National Cancer Institute Common Terminology Criteria for Adverse Events (CTCAE) version 3.0. La plupart

étaient de nature gastro-intestinale. Ces observations mènent à plusieurs réflexions. Premièrement, le DBGT peut être considéré comme une intervention sécuritaire. Deuxièmement, la littérature rapporte que la plupart des effets secondaires dus au thé vert sont liés à la forte consommation de caféine (Pisters, Newman et al. 2001). La quantité de DBGT offerte aux femmes enrôlées, soit 500 mL, contient l’équivalent d’une tasse de café en caféine. Le schéma posologique préconisé, selon lequel les femmes devaient boire le DBGT le matin, diminuait à notre avis les chances de souffrir des effets stimulants de la caféine, en particulier de l’insomnie. L’absence de groupe placebo nous empêche toutefois de déterminer si les effets secondaires observés sont attribuables au DBGT. Troisièmement, toutes les femmes enrôlées ont subi de la chimiothérapie hautement toxique avant de débuter la consommation du DBGT. Il se peut que le goût du DBGT et la tolérance des femmes par rapport à cette intervention ait été modifiés par ce traitement. De même, bien qu’aucune observation scientifique ne permette de telles conclusions, le fort taux d’abandon pour des effets secondaires de grade 1 nous amène à penser que les bénéfices perçus du thé vert n’étaient pas suffisamment grands pour justifier une consommation à long terme du DBGT.

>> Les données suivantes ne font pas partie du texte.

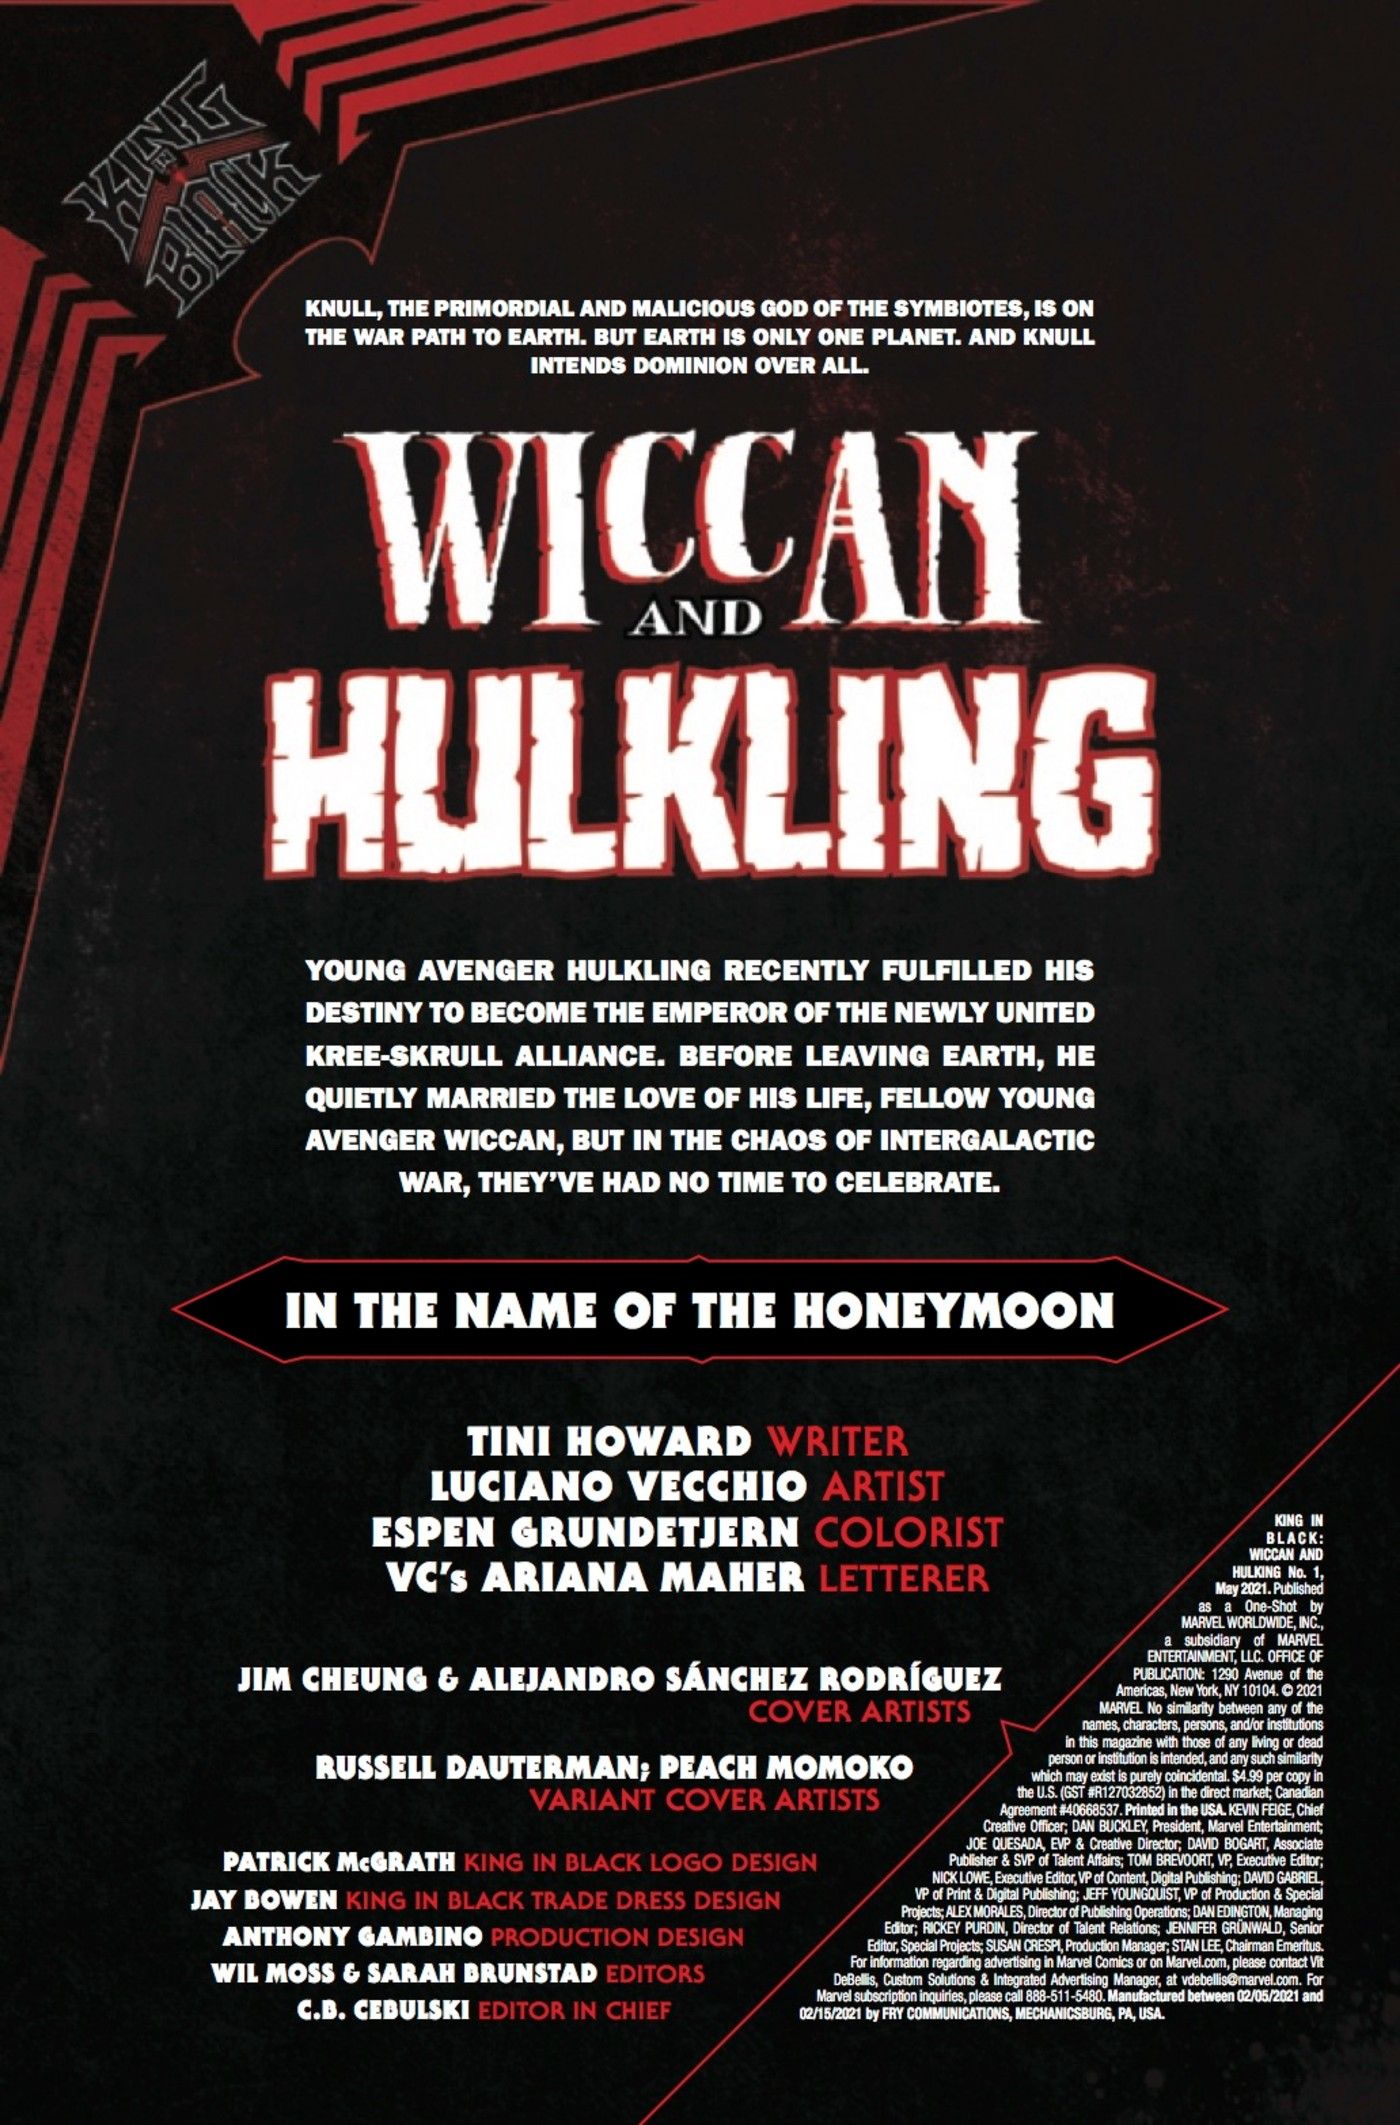 Wiccan Hulkling King in Black credits

6.1.2.7. Réponses apportées

L’essai clinique que nous avons mené l’a été en suivant de hauts standards méthodologiques. Nous avons utilisé au maximum les données précliniques et les données issues des études observationnelles pour bâtir

cet essai, bien que certaines de ces données soient encore préliminaires. De plus, il s’agit d’une première expérimentation menée chez l’humain mesurant l’effet du thé vert pour améliorer le pronostic du carcinome de l’ovaire. Nous avons effectivement pu réaliser notre objectif principal, qui était d’évaluer l’effet d’un thé vert concentré en catéchines, le DBGT, comme traitement de maintien chez les femmes atteintes de carcinome de l’ovaire de stade avancé. Bien que le DBGT ne soit pas un traitement prometteur, nous avons montré que le DBGT n’était pas toxique. Le DBGT pourrait donc être testé dans d’autres contextes, qu’ils soient en lien avec le carcinome de l’ovaire ou non.